Rund 30.000 Bücher nennt der italienische Schriftsteller und weltweit operierendem Büchersammler Umberto Eco, sein Eigen. Nun bringt ein deutscher Verlag eine dreiteilige Sammlung von Aufsätzen, Reden und Vorworten heraus.

Von Wolfram Schütte |
    Je prekärer die Zukunft des Buchs als Leitfossil des Gutenbergzeitalter zu werden scheint, desto emphatischer fallen die Weck-, Warn- und Nachrufe aus, die ihm laufend während der Chronik seines elektronisch angekündigten Todes gewidmet werden. Man könnte schon eine veritable Bibliothek mit allen jenen Büchern der letzten Jahre zusammenstellen, die sich autosuggestiv und selbstreflexiv mit dem Buch und seiner Geschichte oder dem drohenden Schwund der Kulturtechnik des Lesens beschäftigen.

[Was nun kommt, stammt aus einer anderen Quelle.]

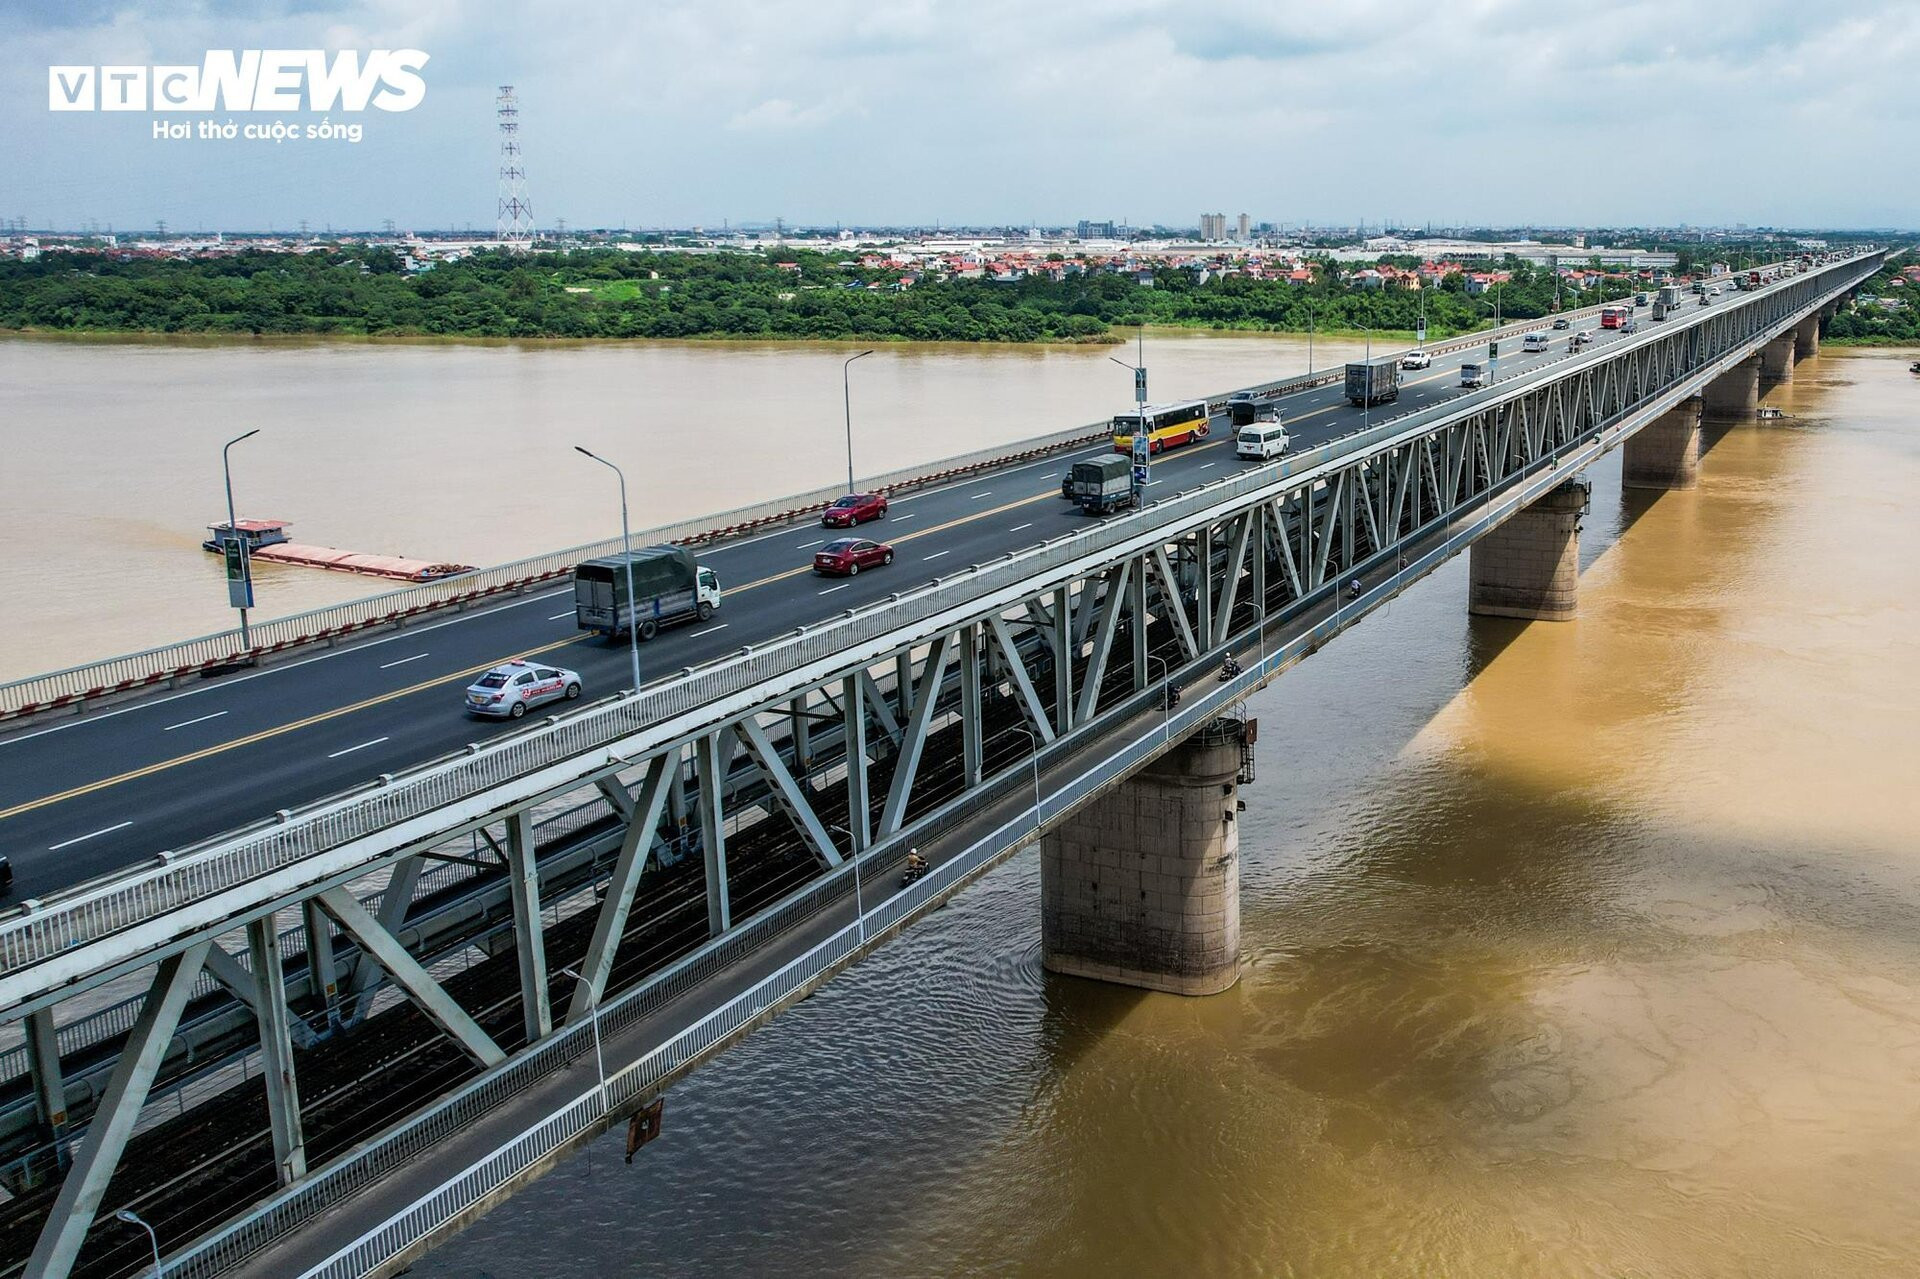 Cầu Thăng Long gần 40 năm tuổi bắc qua sông Hồng nhìn từ flycam - 8
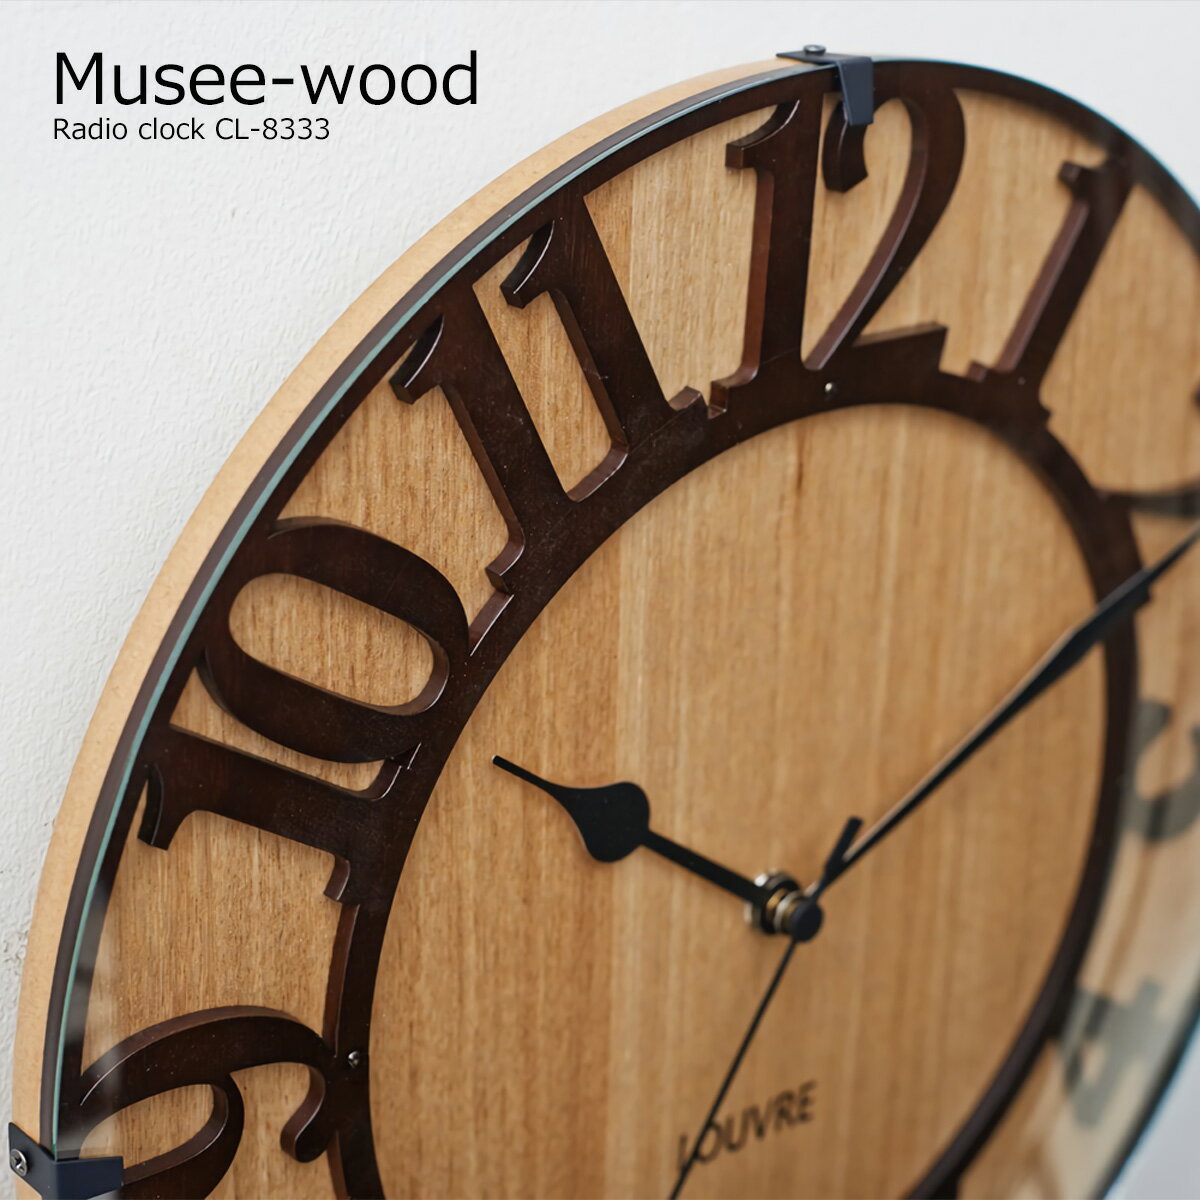 壁掛け時計 電波 おしゃれ 電波時計 時計 壁掛け 北欧 掛け時計 Musee wood ミュゼ ウッドCL-8333 木製 ナチュラル インテリア ウォールクロック デザイナーズ オシャレ アンティーク ヴィンテージ リビング ダイニング

    Es muss nicht gleich eine in einem ehemaligen Hotel untergebrachte Bibliothek von 30.000 Bänden sein, wie sie der italienische Semiotik-Professor, Bestseller-Romancier und politische Essayist Umberto Eco stolz sein eigen nennt, um immer seltener mit der Frage konfrontiert zu werden: "Haben Sie die alle gelesen?"

    Eco hat für diese "Zudringlichkeit” drei Standardantworten parat: "Gar keins habe ich davon gelesen, wieso würde ich sie sonst hier behalten” oder: "Nicht bloß die, mein Herr, nicht bloß die!", um schließlich den Besucher mit seiner dritten Replik in eine Schreckstarre zu versetzen: "Nein, das sind bloß die, die ich bis Ende nächster Woche lesen muss, die anderen habe ich in der Uni." Seit eine Privatbibliothek nicht mehr zum selbstverständlichen Renommee und Einrichtungsgegenstand eines gutbürgerlichen Haushalts gehört, sind solche kleine verbalen Triumphe des gebildeten Hausherrn ebenfalls rar geworden.

    "Die Kunst des Bücherliebens” hat Umberto Ecos deutscher Verlag eine dreiteilige Sammlung von Aufsätzen, Reden, Vorworten genannt, in denen sich der homme de lettres über Bibliophilie, historische Unikate oder Seltenheiten und über literarische und wissenschaftliche Bücher-Narren kennerhaft und passioniert äußert. Der deutsche Titel, erkennbar der ebenfalls dreiteiligen Ovidschen "Ars amatoria” nachempfunden, ist glücklich gewählt, weil es sich bei dem, was Eco hier vielfach und multiperspektivisch zur Bibliophilie und Bibliomanie ins Auge fasst, um ein erotisches Paralleluniversum handelt. Auf dessen zerebrale und taktilen Reize und Genüsse trifft (metaphorisch) die ganze Palette erotischen Empfindens und Handelns zu, von der naiven Schwärmerei bis zu den raffiniertesten Perversionen.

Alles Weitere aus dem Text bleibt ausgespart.